EvoDiff data requirements are extremely low
EvoDiff has extremely low data requirements, which means it can easily adapt to subsequent uses, which can only be achieved through structure based methods. Researchers have shown that EvoDiff can create IDRs through repair without the need for fine-tuning, thus avoiding the classic traps of structure based prediction and generation models.
Figure 3: EvoDiff generates essentially unordered regions. (Source: Paper)
The high cost of obtaining a large sequencing dataset structure may prevent researchers from using new biological, medical, or scientific design options that can be unlocked by fine-tuning EvoDiff on application specific datasets such as those from display libraries or large screens. Although AlphaFold and related algorithms can predict the structure of many sequences, they encounter difficulties in point mutations and may be overly confident in indicating the structure of false proteins.
Next step plan
In summary, Microsoft scientists have released a set of discrete diffusion models that can be used for sequence based protein engineering and design. The EvoDiff model can be extended for guided design based on structure or function, and they can be immediately used for unconditional, evolutionary guided, and conditional creation of protein sequences. They hope that by directly using protein language to read and write processes, EvoDiff will open up new possibilities for programmable protein creation.

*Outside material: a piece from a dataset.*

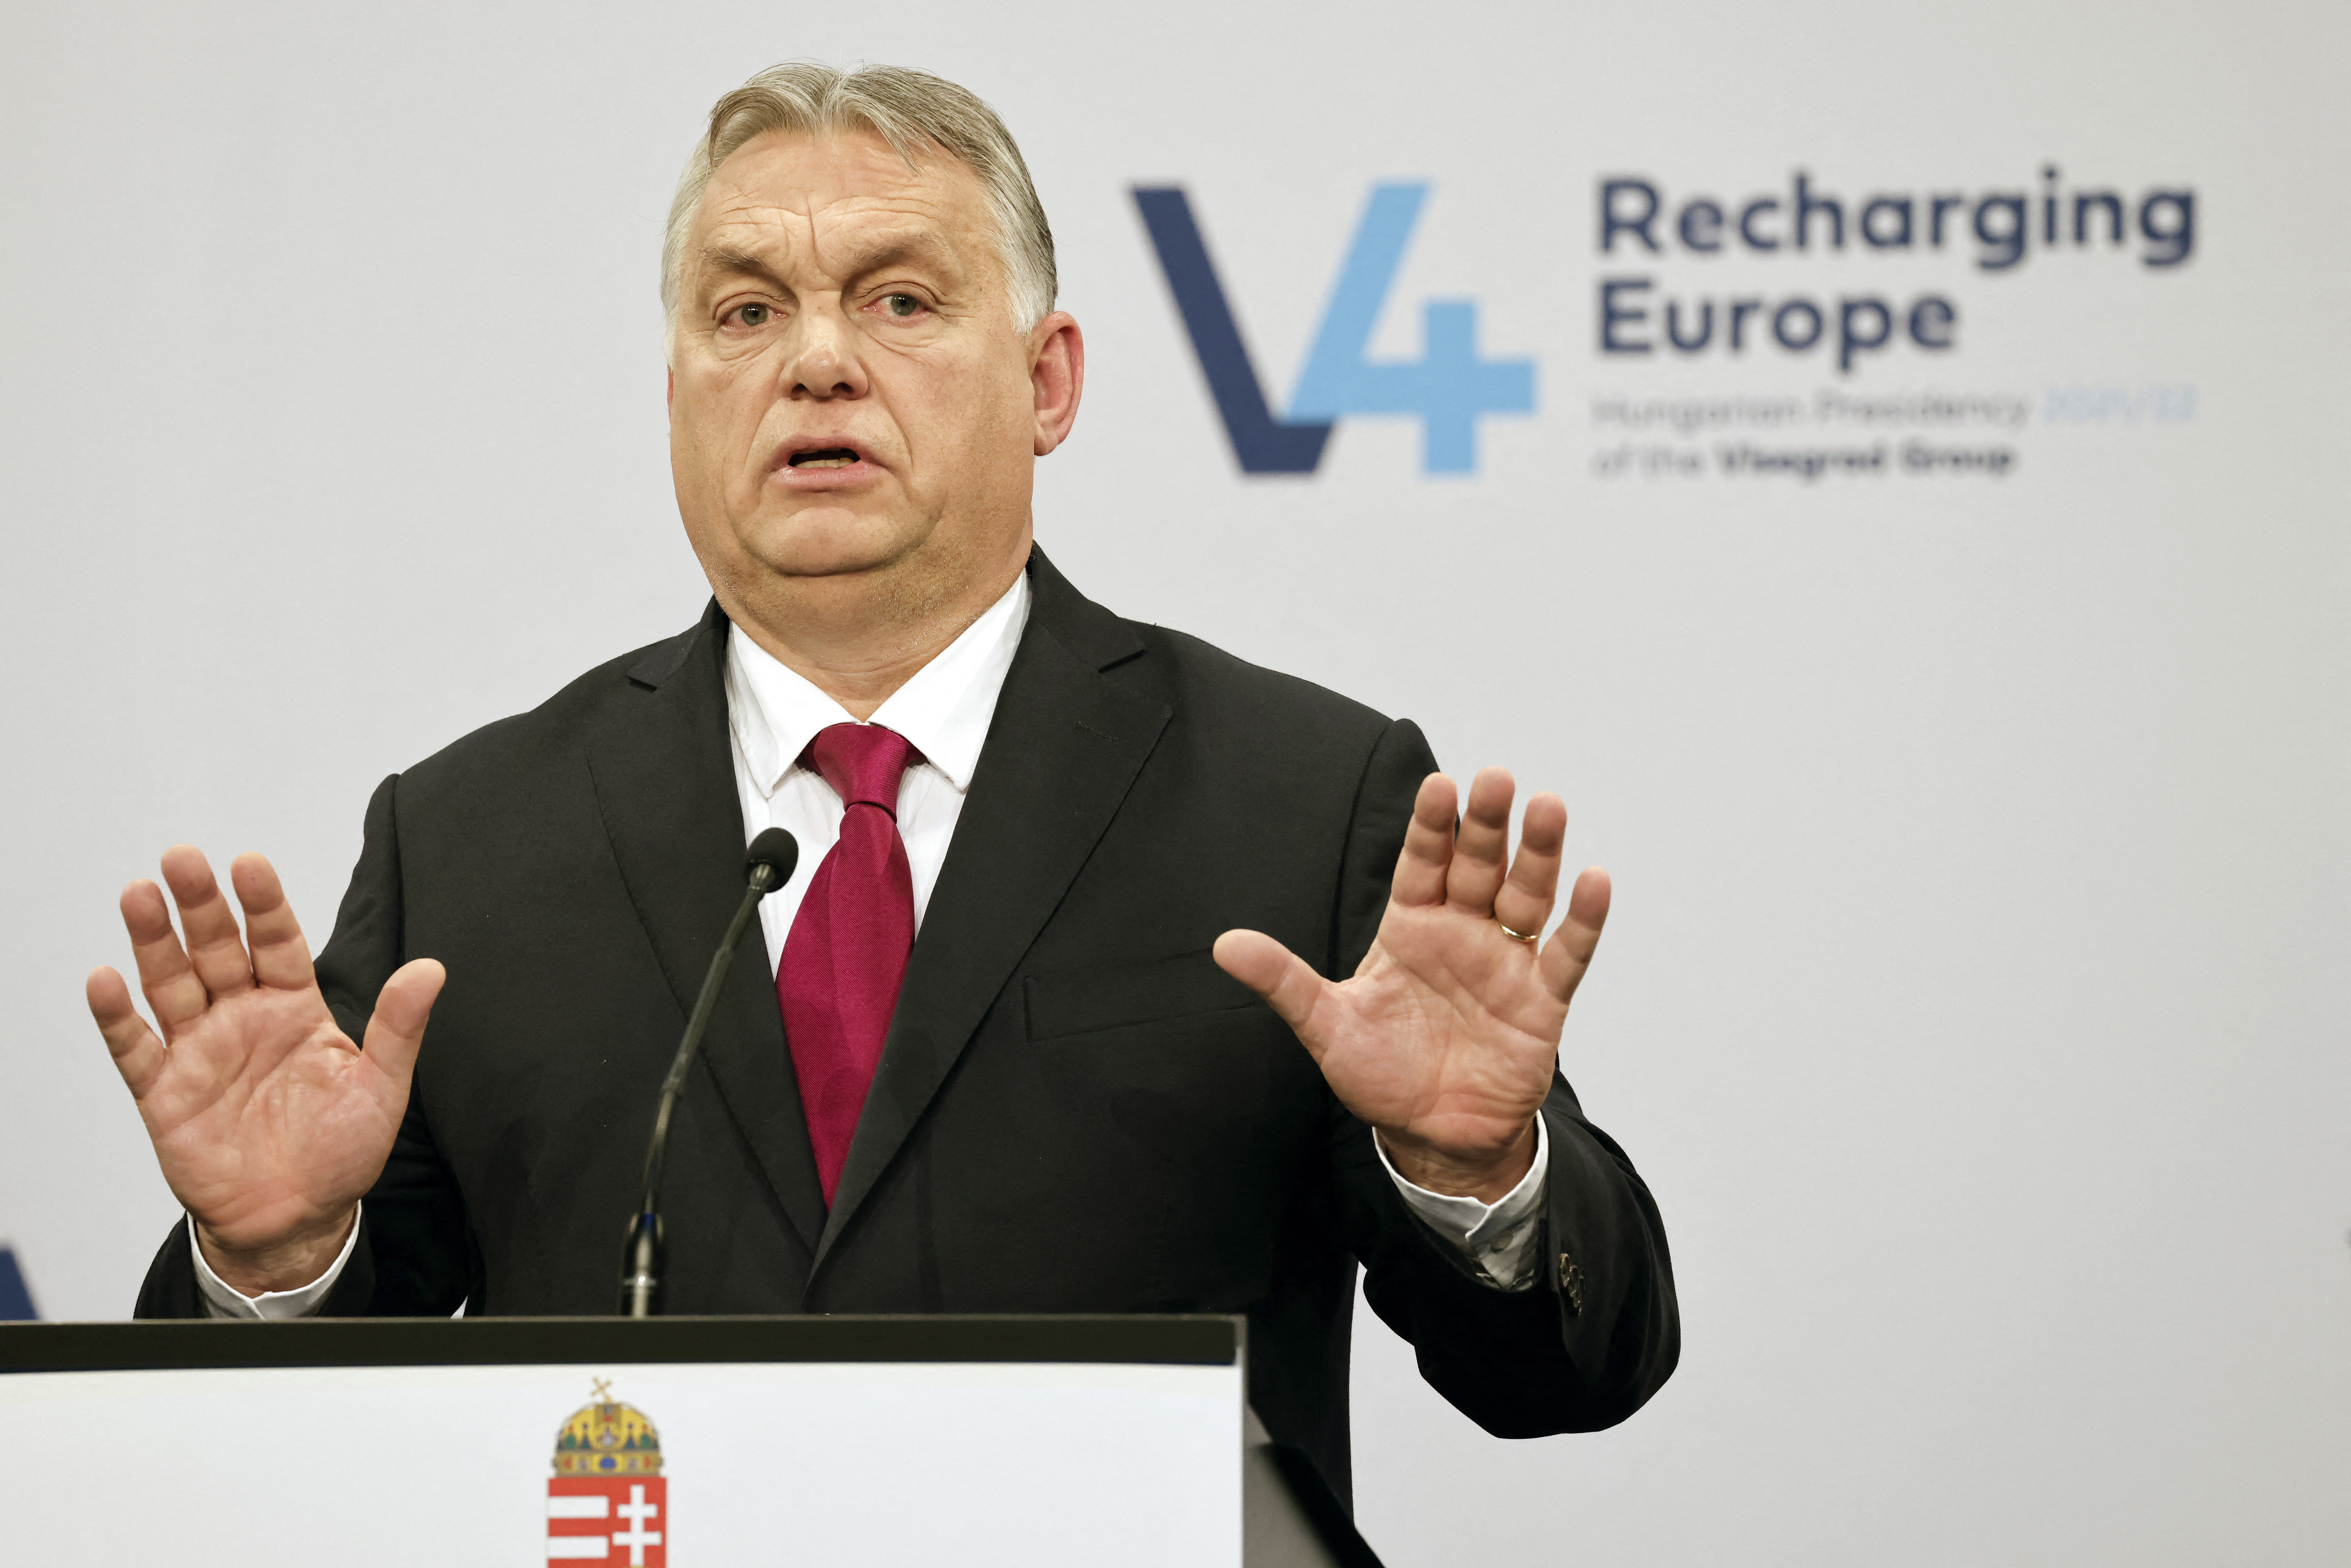 Majdnem beengedték a Magyar Hangot Orbán sajtótájékoztatójára
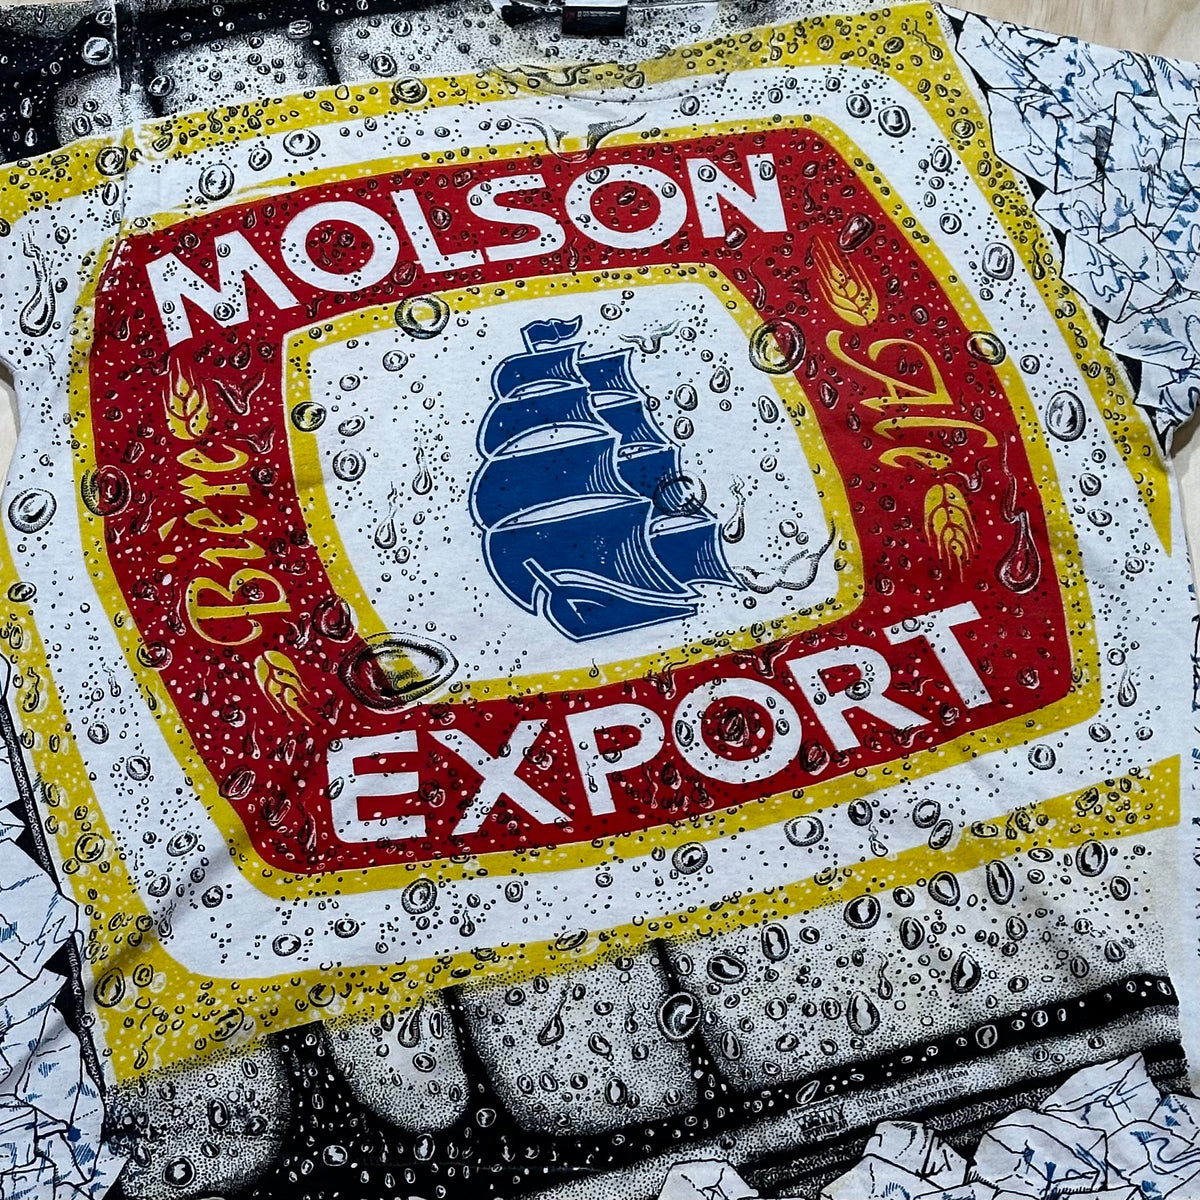 Vintage 90s Molson Export Bière Ale All over print

This is just a model with 640 million parameters, and if we expand to billions of parameters, we may see an improvement in generation quality, “Alamdari said. Although we have demonstrated some coarse-grained strategies, in order to achieve finer grained control, we hope to adjust EvoDiff based on text, chemical information, or other means to specify the required functionality
Next, the EvoDiff team plans to test the proteins generated by the model in the laboratory to determine if they are feasible. If this proves to be the case, they will start developing the next generation framework.